• [Exercise data]
^^^^^^^^
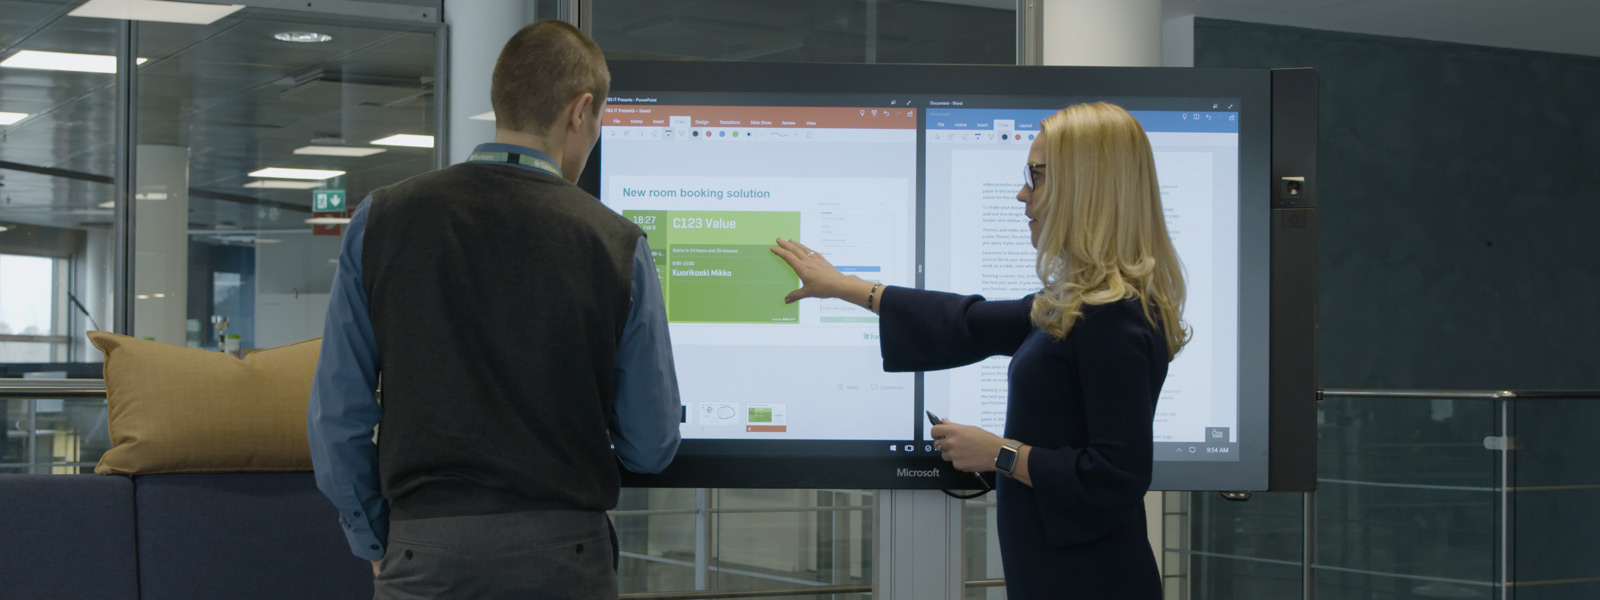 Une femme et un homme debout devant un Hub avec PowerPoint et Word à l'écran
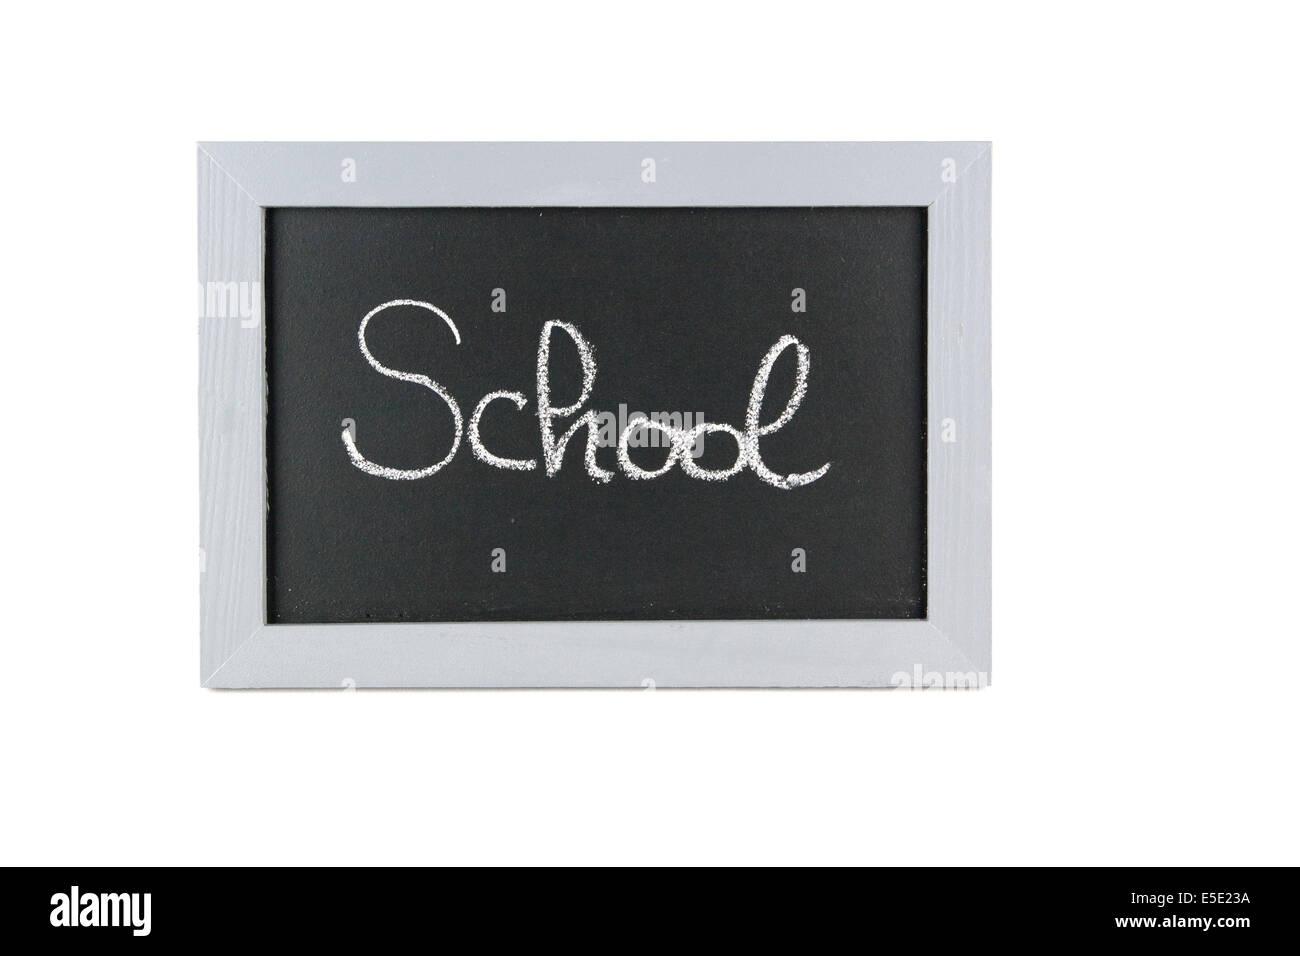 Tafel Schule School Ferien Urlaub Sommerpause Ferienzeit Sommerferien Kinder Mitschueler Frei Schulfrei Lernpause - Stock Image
^^^^^^^^
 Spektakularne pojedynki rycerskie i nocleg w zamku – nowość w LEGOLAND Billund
^^^^^^^^
• [Your goal] Look above for the line with "Une femme et"; quote it and every line after it, stopping after the line with "Tafel Schule School", exactly, with nothing added and without pictures.

• [Response to this task]
 Une femme et un homme debout devant un Hub avec PowerPoint et Word à l'écran
 Tafel Schule School Ferien Urlaub Sommerpause Ferienzeit Sommerferien Kinder Mitschueler Frei Schulfrei Lernpause - Stock Image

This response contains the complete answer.